### SOURCE RECORDS

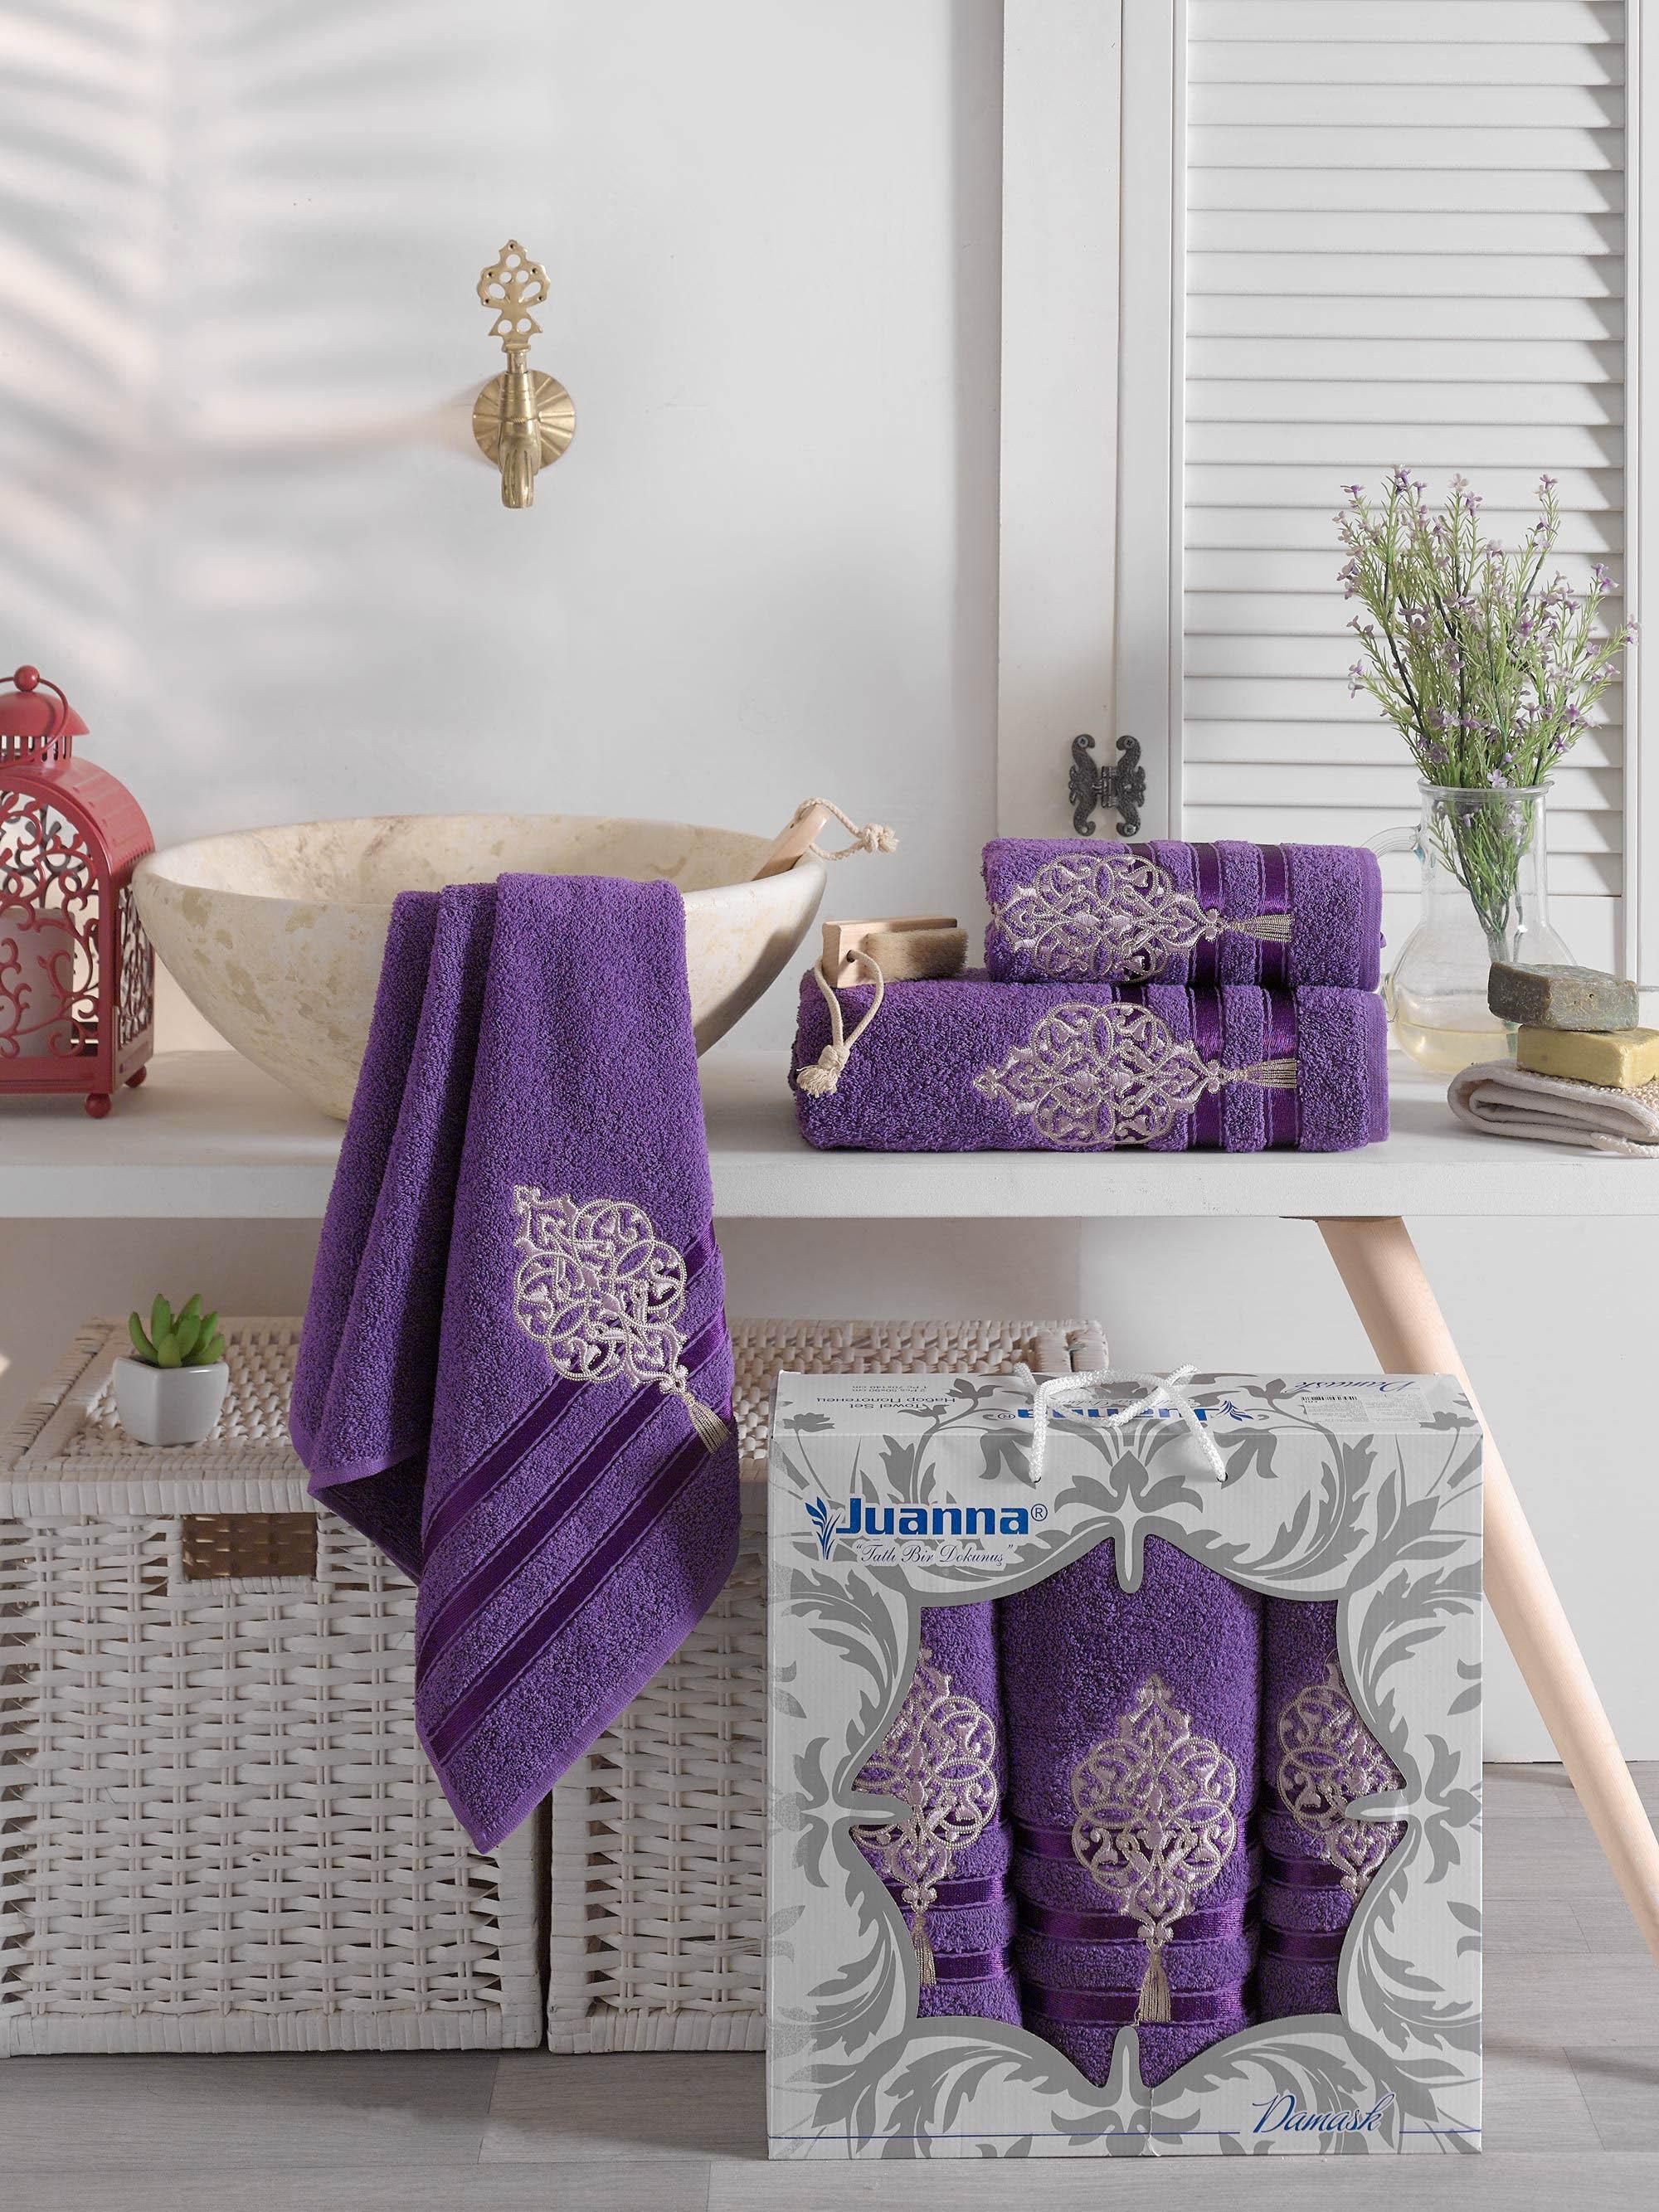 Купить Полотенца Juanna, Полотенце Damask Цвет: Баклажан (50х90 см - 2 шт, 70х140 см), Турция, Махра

--

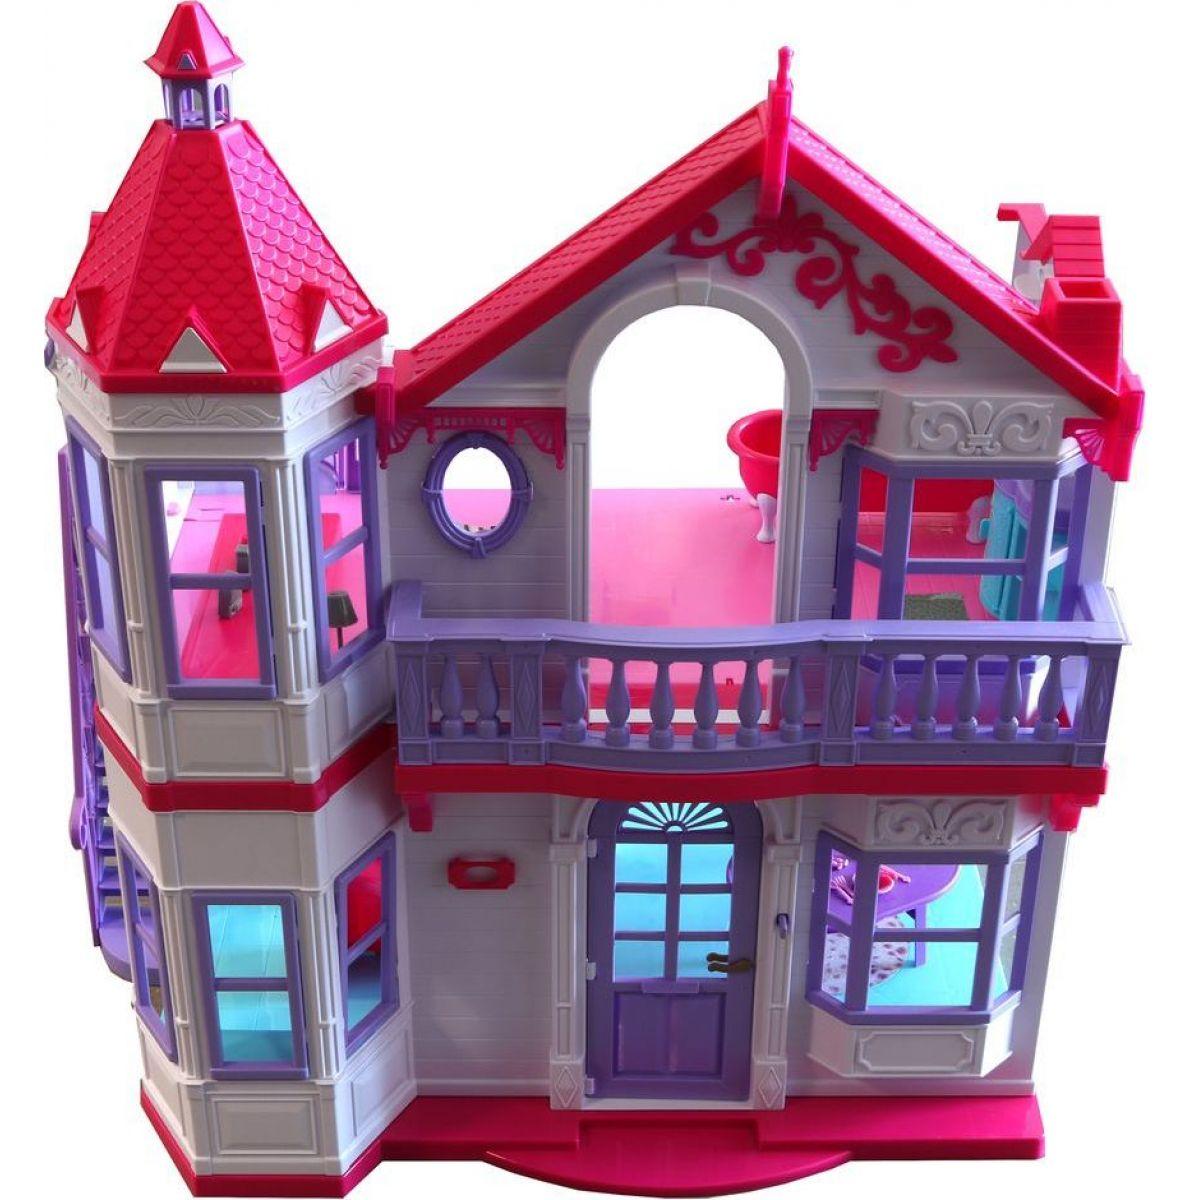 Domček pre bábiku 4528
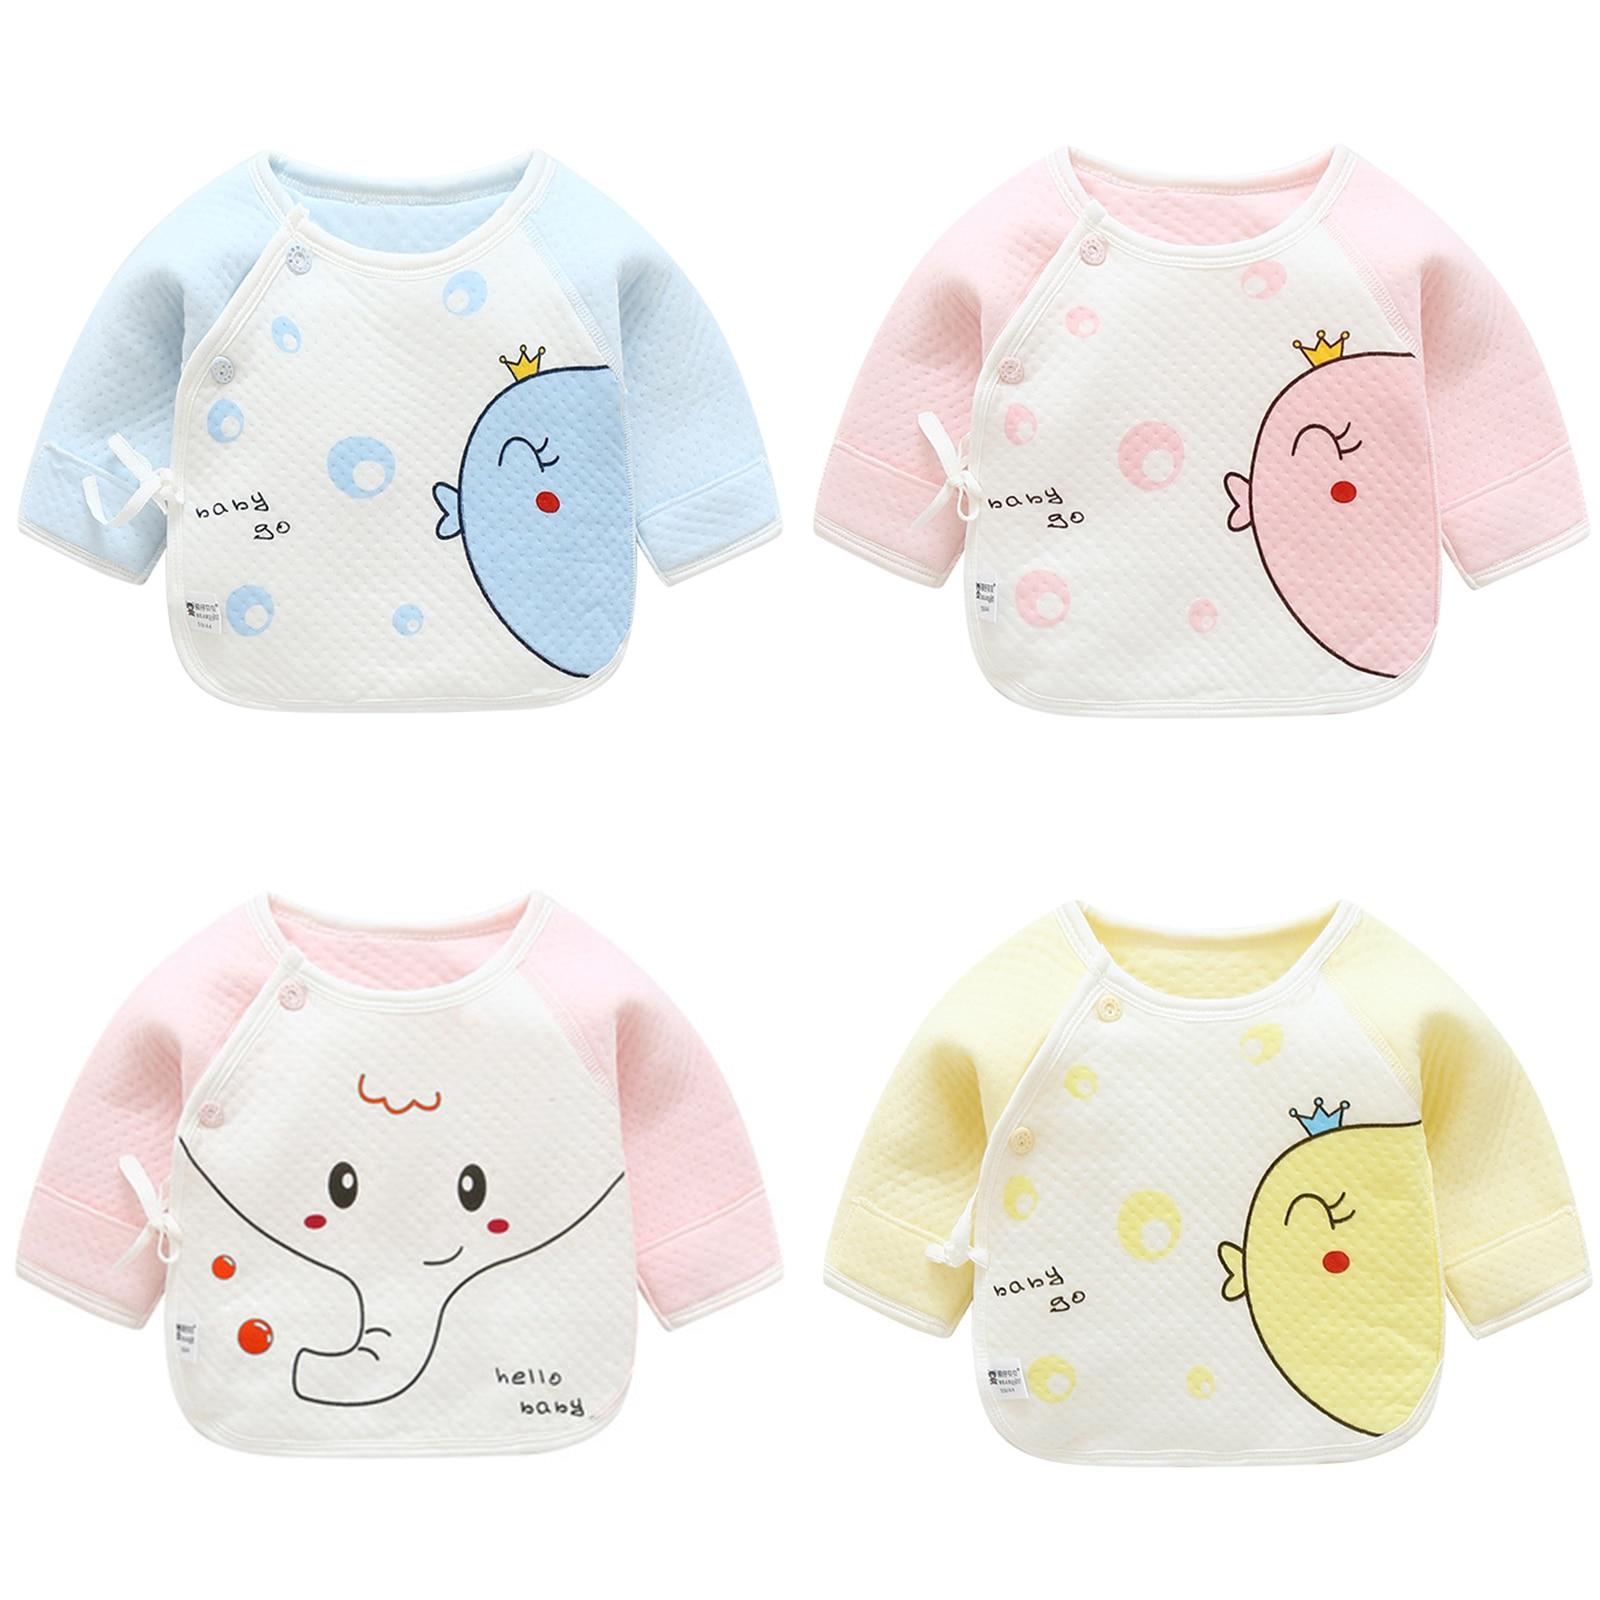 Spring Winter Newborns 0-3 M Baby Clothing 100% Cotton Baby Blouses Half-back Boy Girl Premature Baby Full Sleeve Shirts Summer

* * *

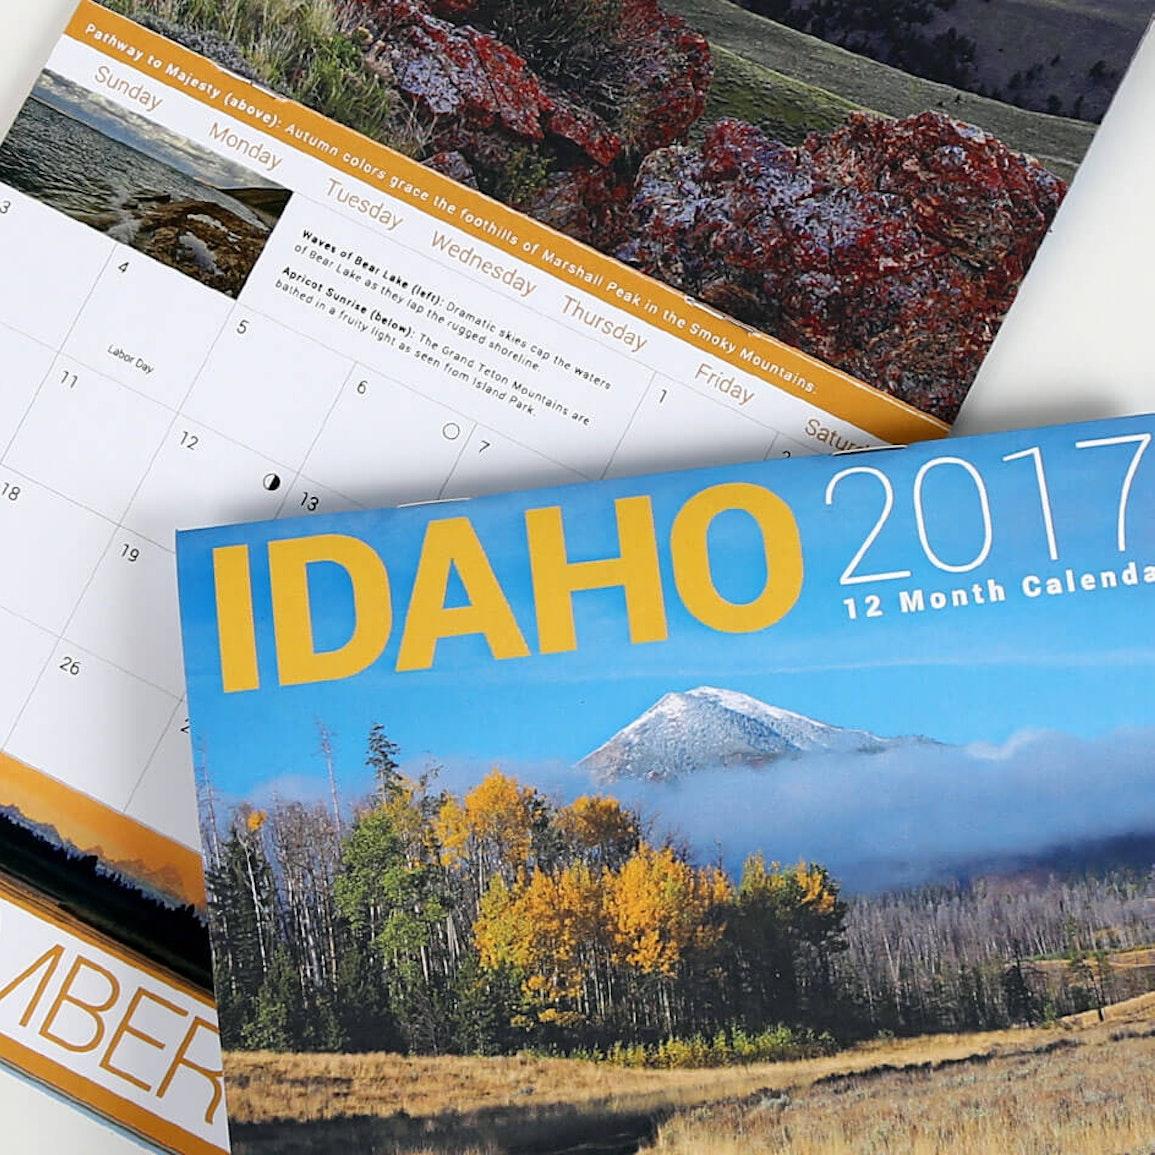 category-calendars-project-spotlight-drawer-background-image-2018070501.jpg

### PROMPT
Transcribe the listing above exactly, but only from the line with "Domček pre bábiku 4528" through the line with "Spring Winter Newborns". Include both of those lines and omit the pictures.

### ANSWER TO THE EXERCISE
 Domček pre bábiku 4528
 Spring Winter Newborns 0-3 M Baby Clothing 100% Cotton Baby Blouses Half-back Boy Girl Premature Baby Full Sleeve Shirts Summer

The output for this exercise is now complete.